The rest of this paper is organized as follows: Section 2 describes the system configuration, which includes the hardware and software structures of the Nurion system, and Section 3 provides the main problem statements. Section 4 introduces the proposed method, which increases the service availability. Section 5 analyzes the results of applying our method. Finally, the conclusions are presented in Section 6.

2. System Configuration

2.1. Hardware Configuration

The Nurion system is a cluster-type supercomputer [9], the hardware architecture of which is illustrated in Figure 1. It consists of various infrastructure nodes connected by a high-performance interconnect, including computing nodes, storage systems, login nodes, management nodes, datemover (DM) nodes, and web servers.

The computing nodes that perform parallel processes at high speeds consist of an 8305 Intel many-core processor Knights Landing Nodes (KNLs) [10,11] and a 132 Xeon server processor Skylake Nodes (SKLs) [12]. Each KNL node has 68 cores per socket and 96 GB (16 GB × 6) memory, while each SKL node has two sockets, each of which has 20 cores and 192 GB (16 GB × 12) memory. The interconnection network uses a 100 Gbps Intel Omni-Path Architecture (OPA) [13], and the storage uses a Lustre parallel file system [14], consisting of a user home directory (/home01), an application directory (/apps), and a user working directory for global shared scratch (/scratch) with 21 PB or more available space. To improve the speed of programs using large-scale bulk data, a burst buffer (/scratch_ime) with 800 TB or more storage capacity was deployed to provide file input/output (I/O) at a maximum speed of 800 GB/s. Tape storage with a capacity of 10 PB or more was developed to backup important system data and for long-term storage of user data. This was connected to the DM node, which handles data transfer through the fiber channel (FC) network. The infrastructure nodes, such as the login nodes, for users of the supercomputing service and the management node for system administrator access, are connected to the Korea Research Environment Open NETwork (KREONET) [15] through a 10 Gbps Ethernet.

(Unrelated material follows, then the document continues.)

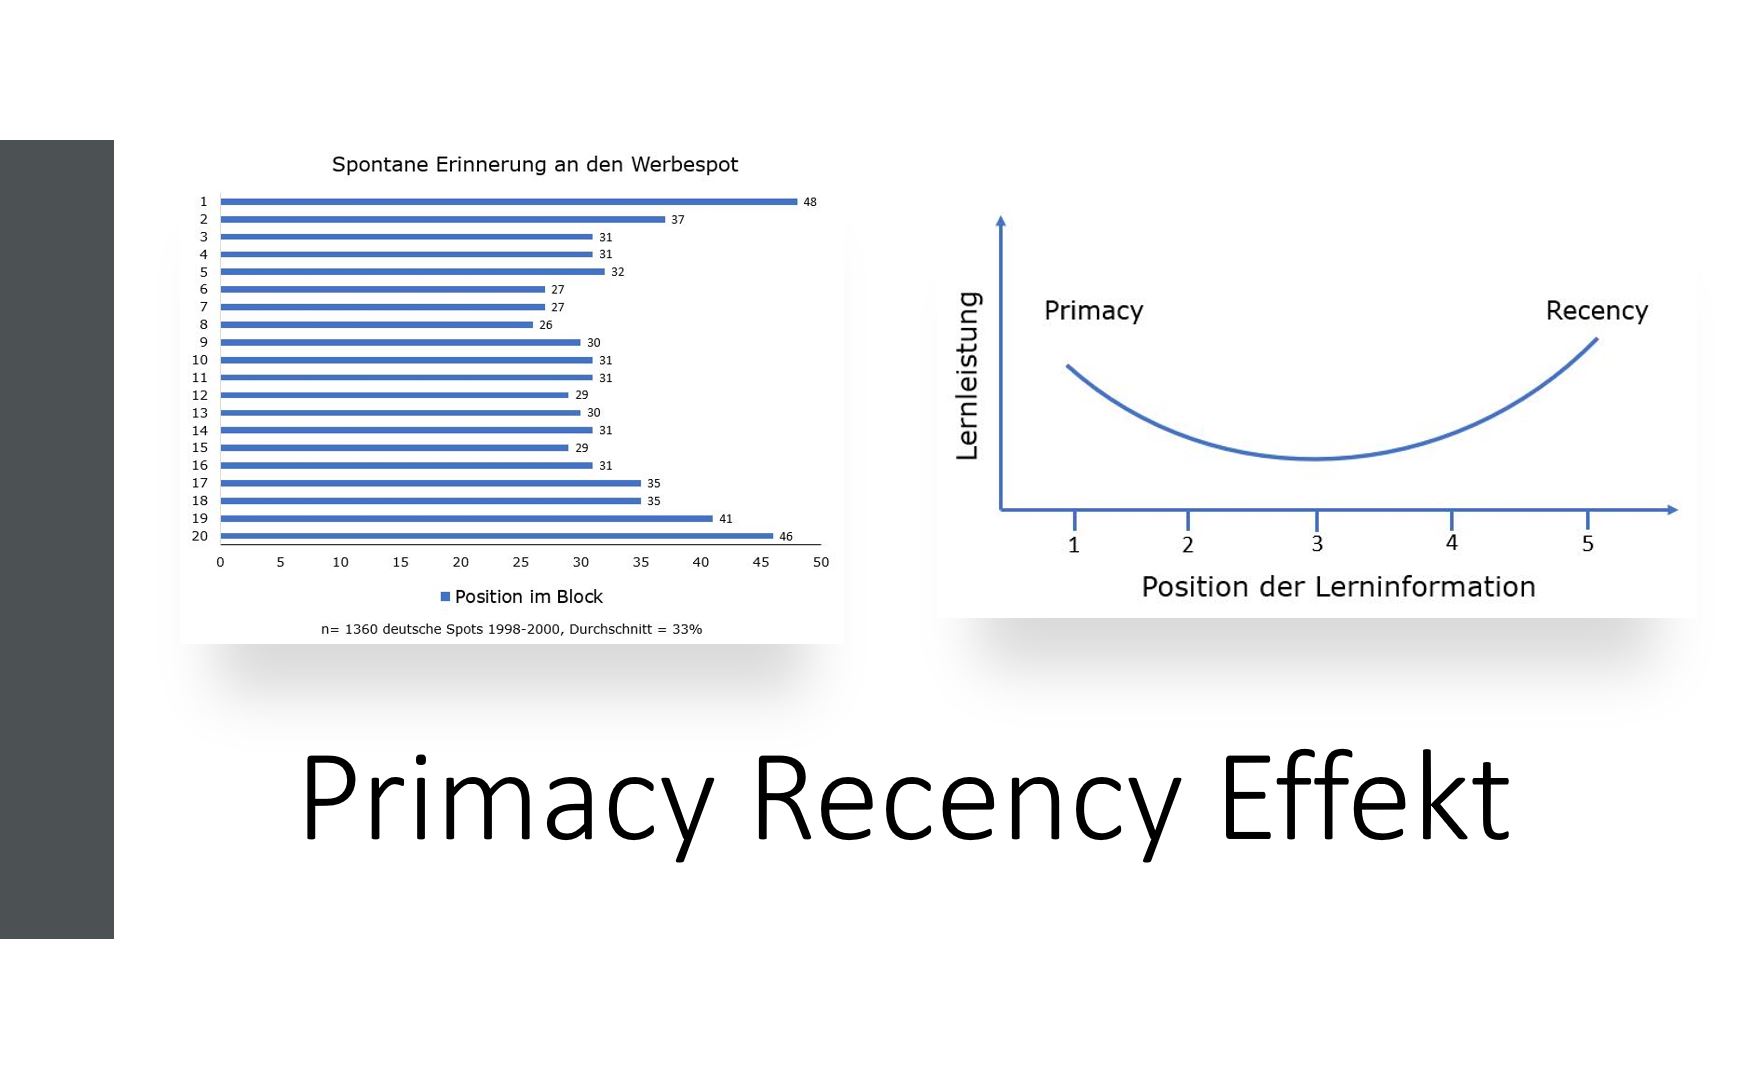 Primacy Recency Effekt

2.2. Software Configuration

Nurion is a Linux-based system that uses Bright Cluster Management (BCM) software for provisioning and managing each node. In addition, a batch scheduler (PBS Pro) is used to manage user-submitted jobs efficiently, and Intel OPA management software is used to manage the interconnection network. Lustre is used as the parallel file system; it uses DDN IME with burst-buffer software for high-performance I/O. To support the execution of various user programs, a range of compilers and message passing interface (MPI) libraries are provided, and commercial software, such as ABAQUS, ANSYS, and GAUSSIAN, can be used.

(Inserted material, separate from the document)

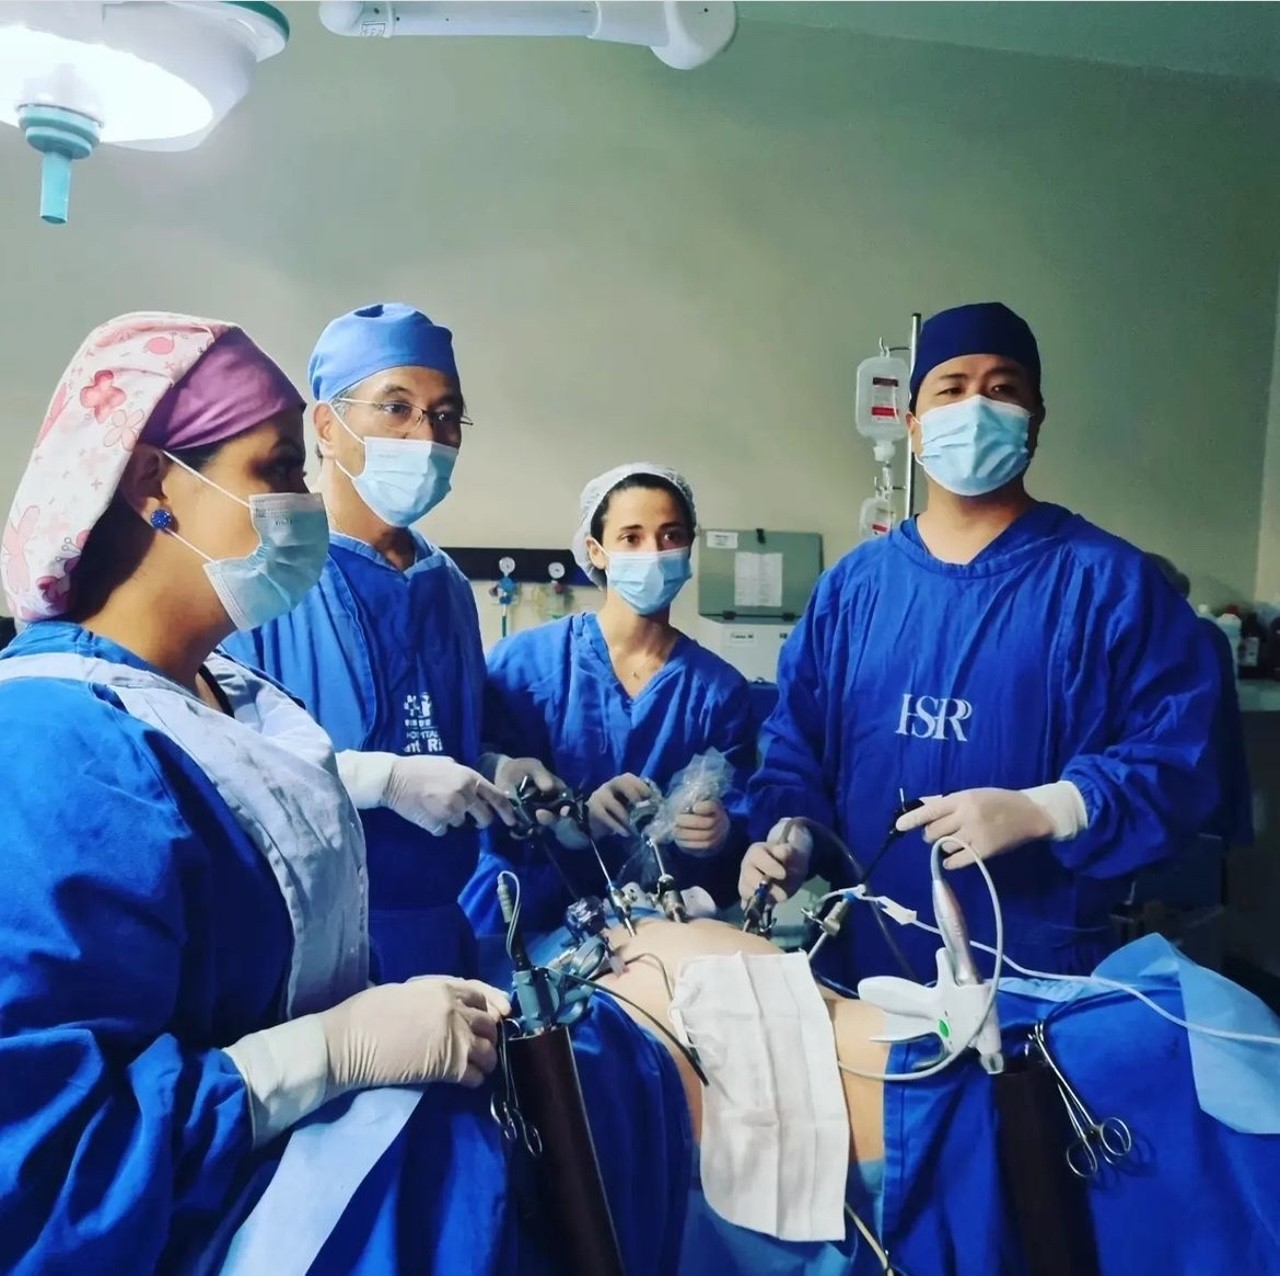 O médico Guilherme Shiraishi e sua equipe durante procedimento (Foto Assessoria)

We used the scheduler’s queue, which is a group of computing nodes that provide particular services depending on the user’s purpose. Based on the node type, for KNL, we divided the submissions into exclusive, normal, long, flat, and debug queues. For SKL, we divided them into commercial and norm_skl queues. The job-submit policy for each queue is defined by the maximum time (wall-clock time (WCT)), the maximum number of submitted jobs, and the maximum number of running jobs per user. User-submitted jobs are executed in the order of priorities that are periodically calculated based on user jobs’ wait time, requested resource size, and the predefined queue priorities in which jobs reside. All submitted jobs follow the job-submit policies in Table 1. An exclusive queue is for dedicated resources that support large projects and group research. Normal is a general resource queue for both free service users (creative research field, national strategy field, and innovation support field) and paid service users. Long is a general resource queue that requires long-term work and can be used for up to 120 h (5 days). Flat is also a general resource queue with a flat memory that can designate MCDRAM and DDR4 for up to 102 GB of memory use. Debugging is a queue for debugging KNL nodes, in which a general resource queue and interactive work can be used for debugging (shared resources). Commercial is a general resource queue for commercial applications (shared resources). Norm_skl is a general resource queue on SKL nodes, which plays the same role as the KNL normal queue.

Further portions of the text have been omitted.